Anche Syndicom si è unito all’appello affinché la direzione della RSI riveda «il piano di smantellamento dei programmi culturali di Rete Due». «L’approfondimento culturale nonché i programmi di attualità di Rete Due sono essenziali per il mantenimento di un servizio pubblico d’informazione di qualità», si legge nella nota. «L’impoverimento dell’offerta mediatica, dovuta ai continui tagli e alla soppressione di impieghi, facilita la propagazione e la diffusione della disinformazione, rischiando di compromettere la tenuta del nostro sistema democratico», ricorda Syndicom.

Lanciata una petizione

Ieri, è stata anche lanciata una petizione - «Salviamo la Rete2 della RSI» - per chiedere un cambio di rotta alla direzione della RSI. Finora hanno firmato quasi 6 mila persone.

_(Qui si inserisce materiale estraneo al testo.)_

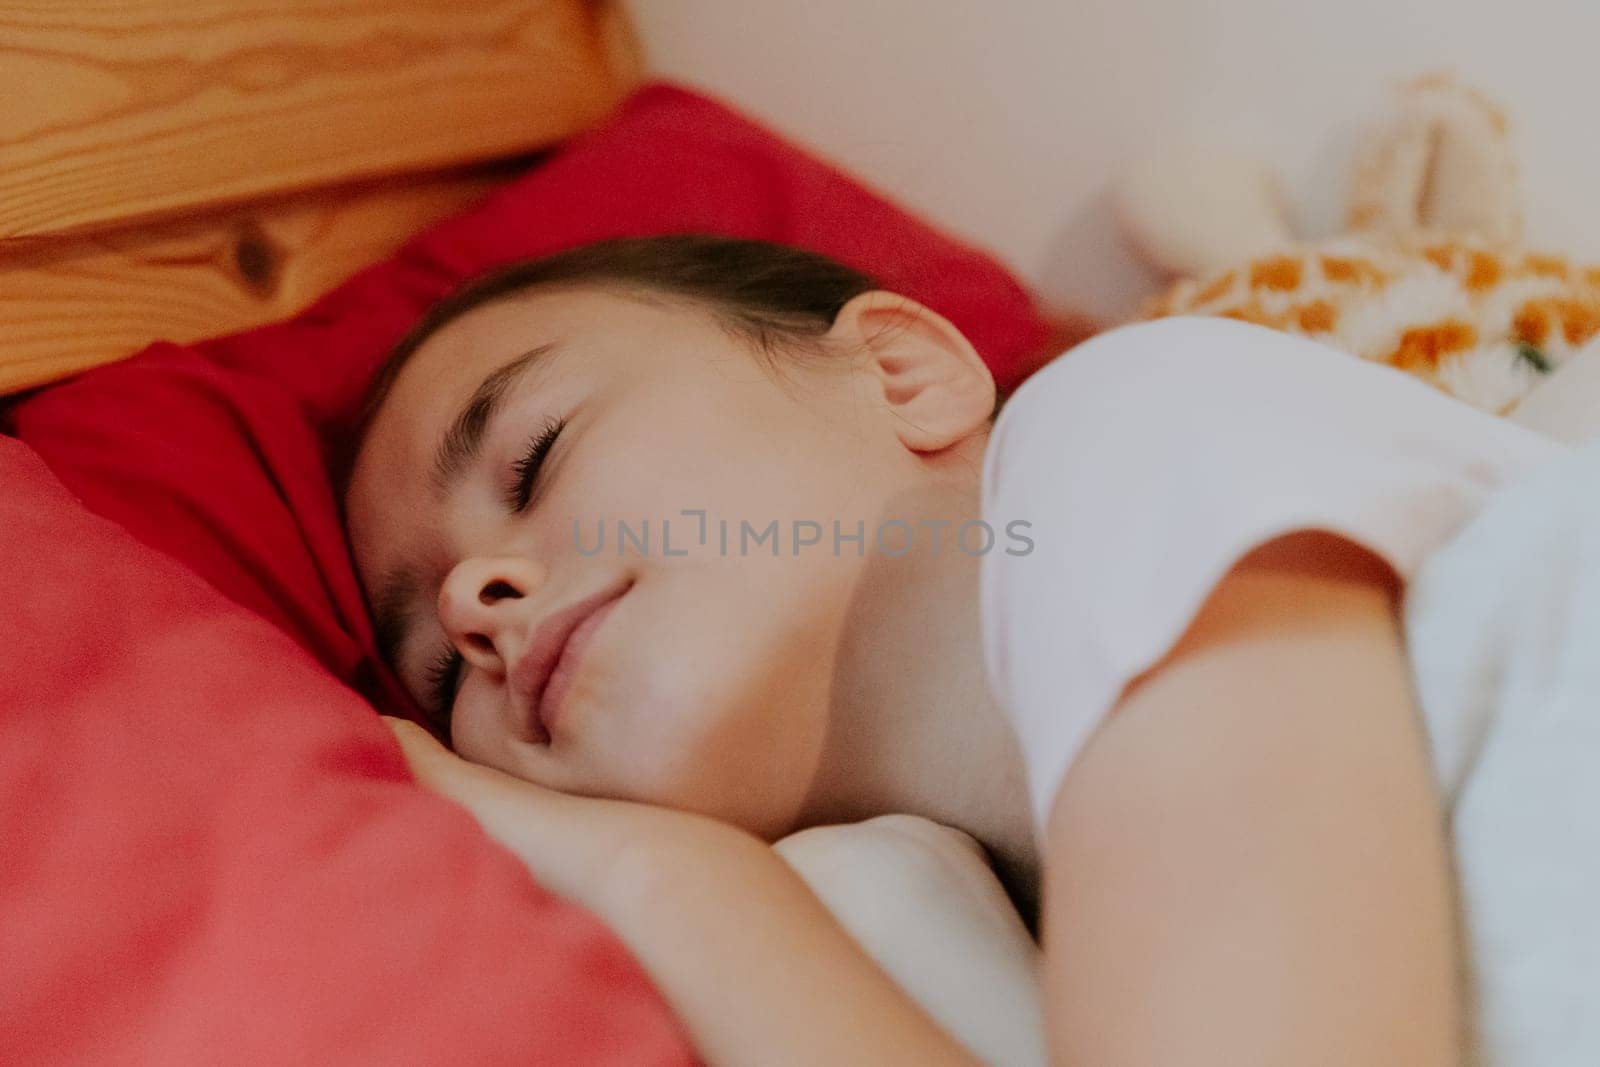 One beautiful little Caucasian girl sleeps sweetly in a wooden bed on a red pillow with a soft toy giraffe behind her back, close-up side view.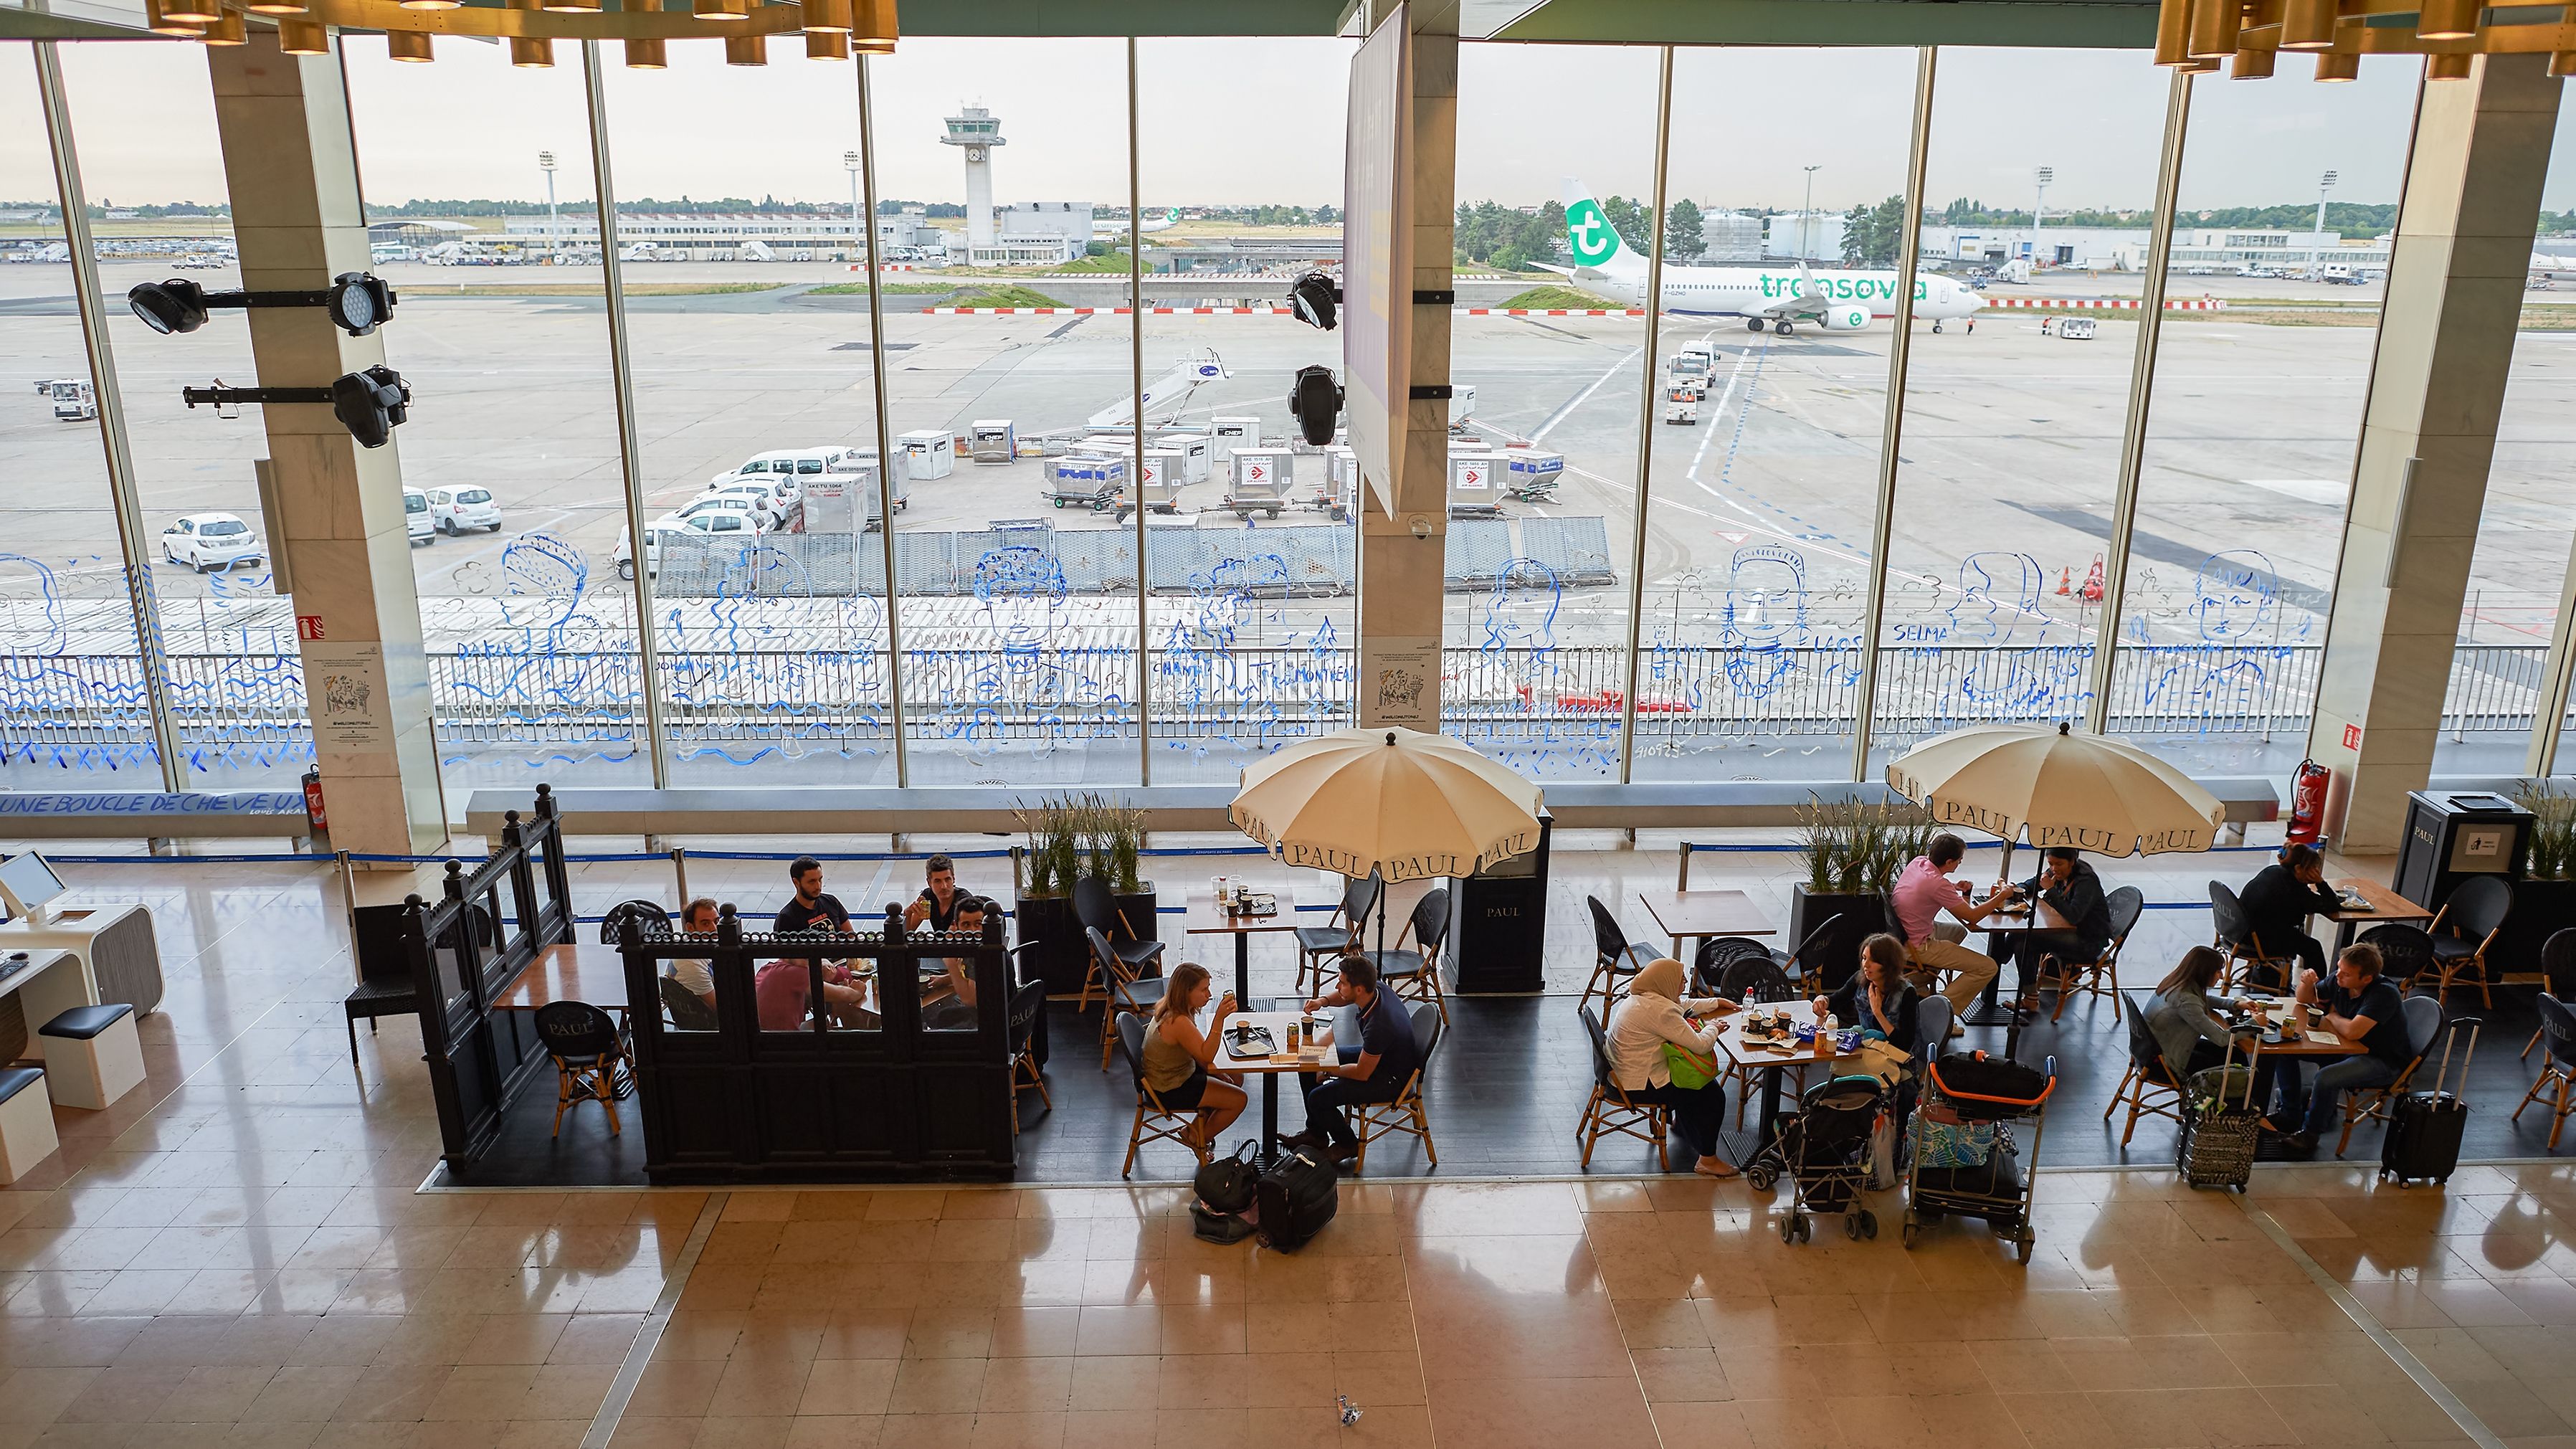 Passengers eating at a restaurant inside Paris Orly Airport.

La RSI: «Nessuno smantellamento dell’offerta, semmai un ampliamento»

La RSI ha preso posizione sul tema attraverso una nota arrivata in serata, in cui si precisa che si tratta di «un progetto che non riguarda esclusivamente i programmi di Rete Due ma tutta l’offerta di contenuti audio RSI, quindi anche i programmi di Rete Uno e Rete Tre e, sicuramente, non prevede affatto uno smantellamento dell’offerta culturale radiofonica». Semmai - scrivono - «l’obiettivo per l’offerta culturale è opposto a quello paventato negli interventi pubblici degli ultimi giorni». L’idea - viene spiegato - «è di offrire più contenuti culturali a un pubblico sempre più vasto: l’offerta culturale audio RSI deve uscire dal confinamento a un solo ed esclusivo canale radiofonico per pervadere, con modalità produttive e stilistiche adeguate anche, per esempio, la rete radiofonica RSI più seguita, Rete Uno, e l’offerta digitale RSI su podcast». Questo lavoro di rinnovamento «non è più procrastinabile: lo impongono le nuove modalità di fruizione da parte del pubblico e la costante erosione del numero di ascoltatori radiofonici in Svizzera ed Europa che ne è conseguenza». Lo scopo finale - conclude la nota - è «proporre un’offerta audio che coinvolga tutte le tipologie di pubblico, secondo i rispettivi interessi tematici, quindi anche culturali. Al contempo ci si deve sforzare per raggiungere le giovani generazioni, fidelizzandole alla nuova offerta audio digitale RSI».